Tout ceux qui ont été chômeurs et eut affaire avec ce cher Paul Emploi (et ses Paulettes) sauront de quoi je parle : fort de ce soutien inconditionnel jusqu'au plus haut de l'Etat, cet organisme s'est dédié avec un dévouement qui force l'admiration, à briser toute velléité de tentative d'embryon d'espoir de s'en sortir pour ceux qui s'y rendent.
"Vous qui entrez ici, abandonnez tout espoir"
Ainsi, ce brave Paul a réussi l'improbable synthèse de la lourdeur administrative soviétique et du cynisme comptable néolibéral dans le traitement des dossiers de demandeurs d'emploi : l'inscription nécessite le remplissage de moult formulaires & dossiers afin de préparer le rendez-vous avec un conseiller (sic) qui ne daignera même pas jeter un œil sur ceux-ci –par manque de temps, ou d'envie, ou juste pour vous embêter– avant de vous inscrire d'office pour une formation à la rédaction de CV,  la gestion d'entretien d'embauche, ou le nouage de cravate. Et si vous avez le malheur d'avoir plus de 50 ans, il ajoutera d'un air maussade que de toutes façons vous avez peu de chances de retrouver un emploi (sous-entendu : "pas encore mort à votre âge?"). Qu'à cela ne tienne, vous vous dites que vous ne compterez que sur vous-même, que vous allez monter votre boite et que vous avez juste besoin d'une formation rapide à la création/gestion d'une petite entreprise? Fuyez pauvres fous!

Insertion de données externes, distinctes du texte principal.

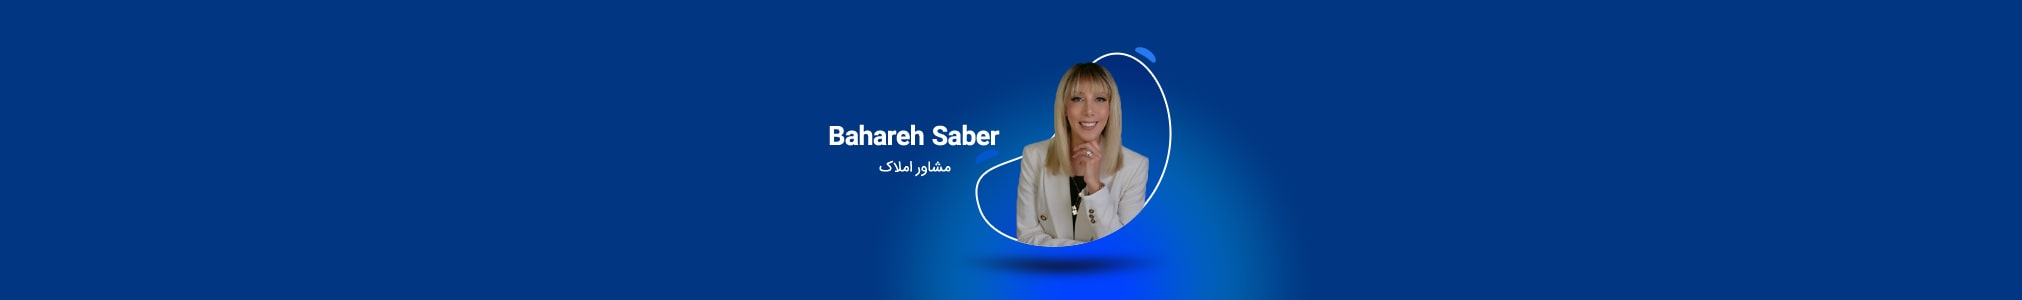 Bahareh Saber

A plus de 50 ans, Gandalf est bon pour un bilan de compétence suivi d'un stage de rédaction de lettres de motivations. En boucle.
Finalement, Paul Emploi, c'est un peu une halte-garderie : vous y déposez votre chômeur, et on l'occupe avec des travaux manuels (remplissage de CV, de dossiers de demande de formation, etc...) et des jeux (formation rédaction de CV, bilan de compétences, etc...) dans une ambiance chaleureuse, jusqu'à ce que vous le récupériez le soir.

Bon, je ne sais pas si on peut réformer le marché de l'emploi pour résorber le chômage, mais à mon avis, on peut déjà réformer ce cher Paul : quitte à subir le paradoxe du distributeur automatique, pourquoi ne pas remplacer Paul Emploi par une sorte de gros distributeur automatique de chômeur? Les patrons arriveraient, mettraient une pièce dans le bitoniaux (voir leur carte bancaire, soyons fous), sélectionneraient leur chômeur, et repartirait avec celui-ci sous le bras, avant d'enlever le blister de retour dans leur entreprise. Bon, évidemment, au bout d'un moment, y a des chances que le distributeur tombe en rade et refuse de délivrer le chômeur surdiplomé visé, au profit des chômeurs syndiqués en situation de handicap dont personne ne veut, mais bon, ho hein! C'est ça ou rien!